In the last 30 years, an emerging class of insoluble phosphonates and inorganic–organic phosphonates of tetravalent metals (mainly ZrIV) with layered or pillar structure have attracted the attention of researchers because of their interesting physical–chemical properties and high versatility, especially in the field of catalysis.33–38 Herein, based on the organosolubility of zirconium phosphonates designed recently by our research group,39–41 we report a novel type of recoverable and reusable inorganic material-supported Pd catalysts 3a, b by using the concept of one-phase catalysis and two-phase separation (Scheme 1).42 They could be quantitatively recovered by solid /liquid separation upon addition of petroleum ether after the completion of reaction. The organosoluble properties of 3a and b allowed us to apply them to homogeneous Suzuki–Miyaura coupling reactions of various substituted aryl bromides with arylboronic acids. Attractively, due to their organosolubility, homogeneity and small size of Pd particles embedding in the zirconium phosphonate matrix, supported palladium catalysts 3a and b possessed high catalytic activities at room temperature. To the best of our knowledge, they were the first example of homogeneous inorganic material–supported Pd catalysts, which can be seen as a borderline class of the catalysts retaining the advantages of homogeneous and heterogeneous catalysts.
 |
| Scheme 1 The synthetic route to zirconium phosphonate-supported Pd catalysts 3a and b. | |
Results and discussion
Synthesis of supported Pd catalysts 3a and b
Organosoluble, porous and layered zirconium phosphonates 1a and b, which contained two types of hydroxyl groups, were prepared according to published procedures.39 The introduction of a diphenylphosphine ligand was performed through the reaction of diphenylphosphine chloride with hydroxyl groups in zirconium phosphonates 1a and b at 0 °C for 48 h under N2 atmosphere to afford NH4Cl salt and zirconium phosphonates 2a and b. After NH4Cl was filtered, in the filtrate was added petroleum ether, and zirconium phosphonates 2a and b precipitated out as white solids. At room temperature in anhydrous THF solution for 12 h, Na2PdCl4 was efficiently and completely anchored by the diphenylphosphine and hydroxyl functional groups in the inorganic frames of 2a and b, and the brown supported Pd catalysts 3a and b were obtained by addition of petroleum ether, filtration (transparent) and lyophilization at −50 °C.
Chemical composition
The empirical formulae of zirconium phosphonates 1a and b [Zr(OH)2.78(O3PR)1.11·2.4 H2O and Zr(OH)2.84(O3PR)1.08·2.5 H2O, respectively] were determined by colorimetry and 31P NMR, and ascertained by elemental analysis and TG analysis.39 On heating the samples 2a and b, the similar thermolysis curves with a three-step weight loss behavior were observed over a broad temperature range of 40–1200 °C. The first slope curve below 120 °C was attributed to the desorption of the surface-bound or intercalated water in the pores, followed by the second step weight loss with single DTG peaks owing to the volatilization of appended organic fragments between 120 and 500 °C. The third stage appeared from 500 to 1200 °C corresponding to further oxidation of the cokes generated during the second stage.

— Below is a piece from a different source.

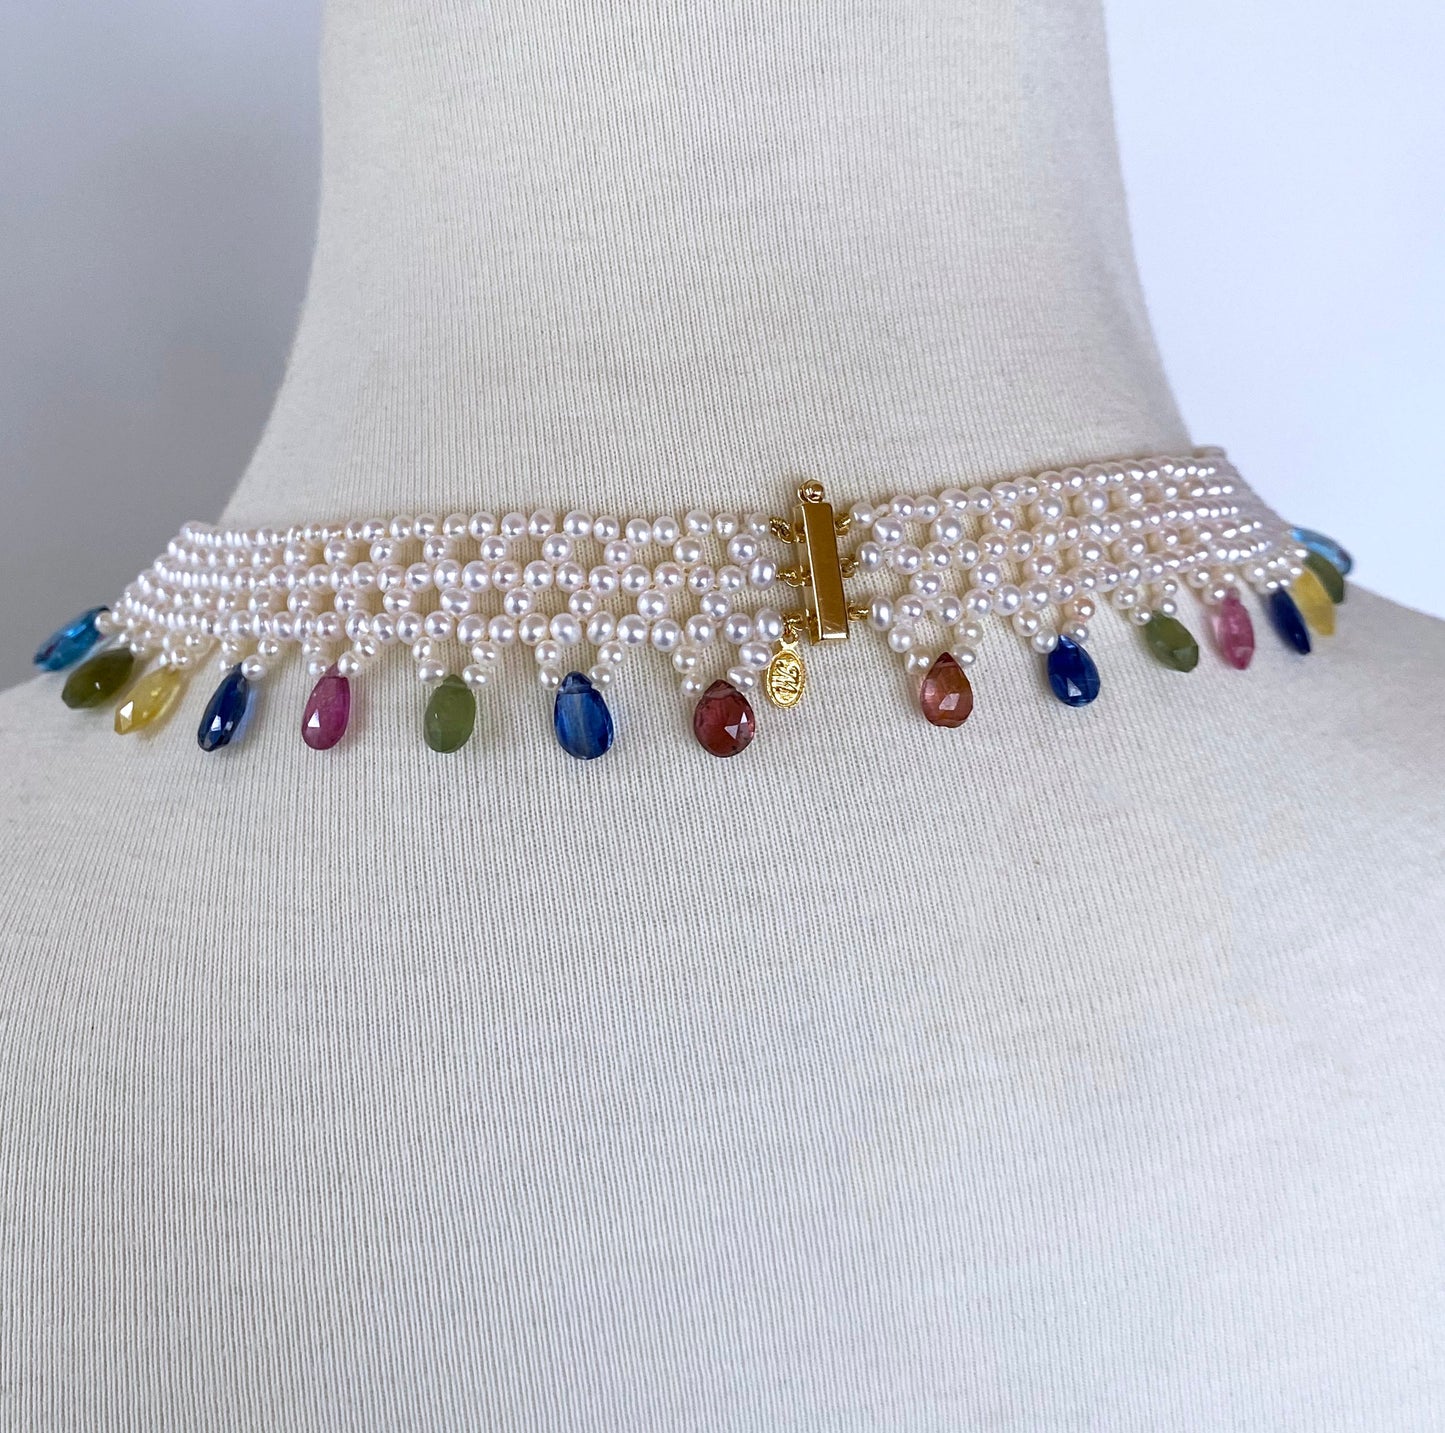 Pearl Woven Necklace w Multi Semi Precious Stones and 14k Yellow Gold

According to the 2.6 and 2.1 wt.% weight losses of surface-bound or intercalated water below 120 °C, the number of water molecules in zirconium phosphonates 2a and b were calculated to be 0.8 and 0.6, respectively. Compared with 1a and b, the number of water molecules in 2a and b decreased with increased hydrophobicity owing to the modification of some hydroxyl groups by diphenylphosphines. The 24.3% and 17.6% of hydroxyl groups in 2a and b could be regarded as being successfully modified by diphenylphosphine groups, respectively, according to the 59.4 and 55.8 wt.% total organic weight losses. Unfortunately, it was difficult to confirm specifically which hydroxyl group was modified by diphenylphosphine group. The phosphorus contents of 2a and b were also verified by quantitative 31P NMR in the range 18–30 ppm (δ), and the weight percent of carbon (51.95 and 50.95%), hydrogen (4.31 and 4.97) and nitrogen (1.68 and 2.30%) in 2a and b determined by elemental analysis were in good agreement with their theoretic values. Based on there being no change in the chemical compositions of 2a and b during the complexation of Na2PdCl4 particles, the numbers of surface-bound or intercalated water in supported Pd catalysts 3a and b were calculated to be 0.7 and 1.2, respectively. The Pd contents with 5%wt palladium loading in catalysts 3a and b were determined by inductively coupled plasma (ICP) analysis of the solution after treating catalysts with freshly prepared aqua regia.
Catalyst characterization
Powder XRD.
The layered structure and d-spacing of zirconium planes for crystalline and semi-crystalline zirconium phosphonate can be determined from the 00n peak in the powder XRD pattern (via the Bragg equation, nλ = 2d sinθ).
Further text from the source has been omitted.